I am playing with some flight data at the moment, and wanted to view the Eastbourne Airshow data I have captured with my aerial & dump1090 integration. To this end, I want to exclude all commercial flights from the dataset, but, well, there are 5400(ish) ICAO 3-letter airline codes registered atm.

I constructed the following query:

{"query":{"bool": {"should": [
{"wildcard":{"aircraft.flight":"AAA*"}},
{"wildcard":{"aircraft.flight":"AAB*"}},
{"wildcard":{"aircraft.flight":"AAC*"}},
{"wildcard":{"aircraft.flight":"AAD*"}},
{"wildcard":{"aircraft.flight":"AAF*"}},
{"wildcard":{"aircraft.flight":"AAG*"}},
{"wildcard":{"aircraft.flight":"AAH*"}},
{"wildcard":{"aircraft.flight":"AAI*"}},
{"wildcard":{"aircraft.flight":"AAJ*"}},
{"wildcard":{"aircraft.flight":"AAK*"}},
{"wildcard":{"aircraft.flight":"AAL*"}},
{"wildcard":{"aircraft.flight":"AAM*"}},
{"wildcard":{"aircraft.flight":"AAO*"}},
{"wildcard":{"aircraft.flight":"AAP*"}},
**snipped for brevity**
{"wildcard":{"aircraft.flight":"ZZM*"}}
]}}}

Doing a quick ciggy packet calc, there are 17576 combinations (A-Z^3), so using an exclude isn't going to be more efficient.
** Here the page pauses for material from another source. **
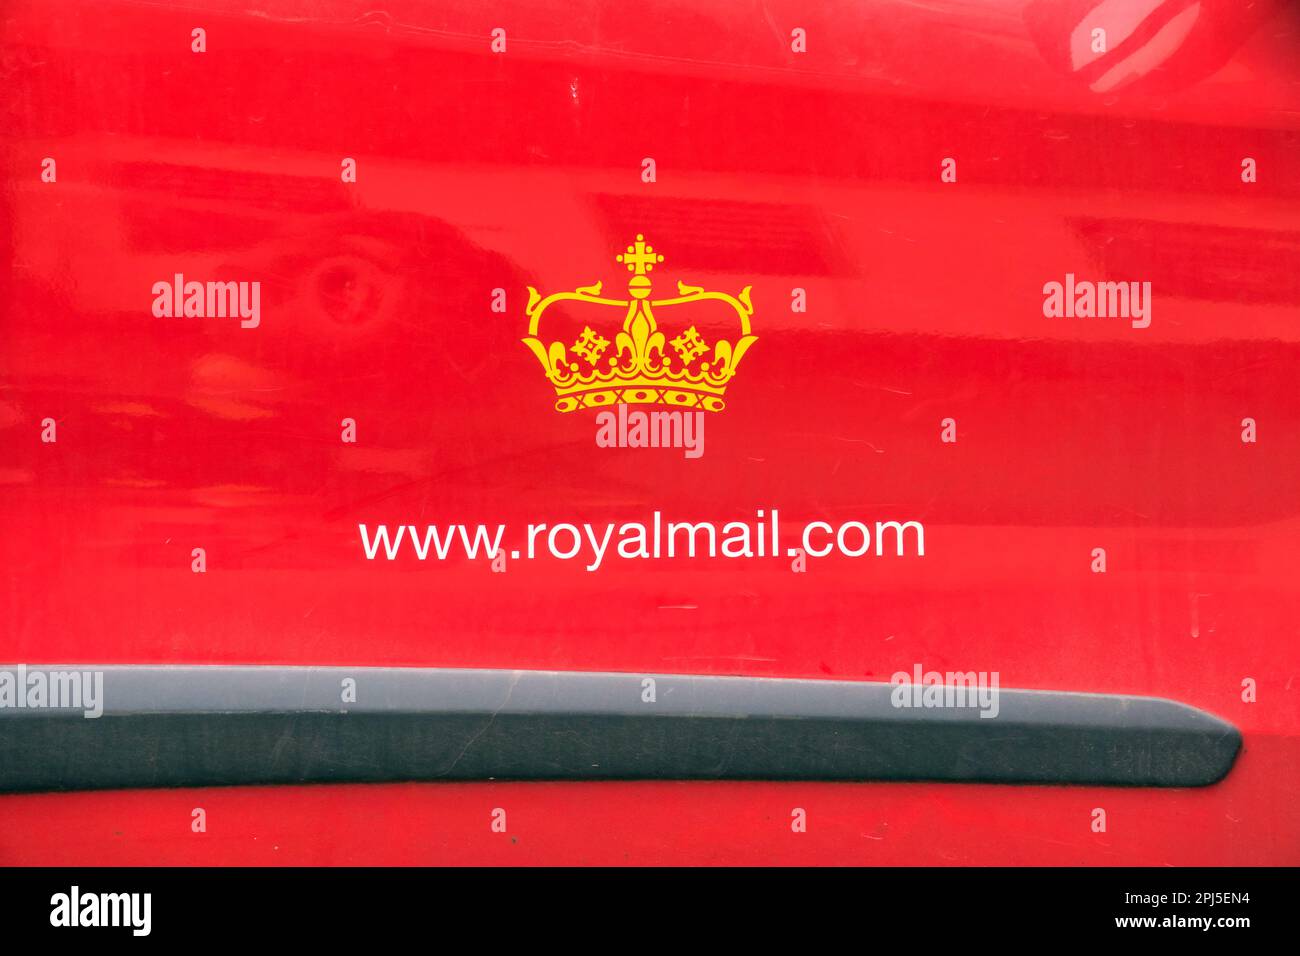 royal mail logo on van www.Royalmail.com Stock Photo

How on earth should I break this down into a meaningful dataset and exclude with ES?

Additional: i want to exclude anything which is [A-Z][A-Z][A-Z] then some numbers - although (awkwardly) some airlines then use letters afters too :frowning: Like NZE1234A...

Cheers,

Richie

In the end I decided to just go with the best I could:

{
  "query": {
    "regexp": {
      "aircraft.flight.keyword": "[A-Z]{3}[0-9]{1}.*"
    }
  }
}

This topic was automatically closed 28 days after the last reply. New replies are no longer allowed.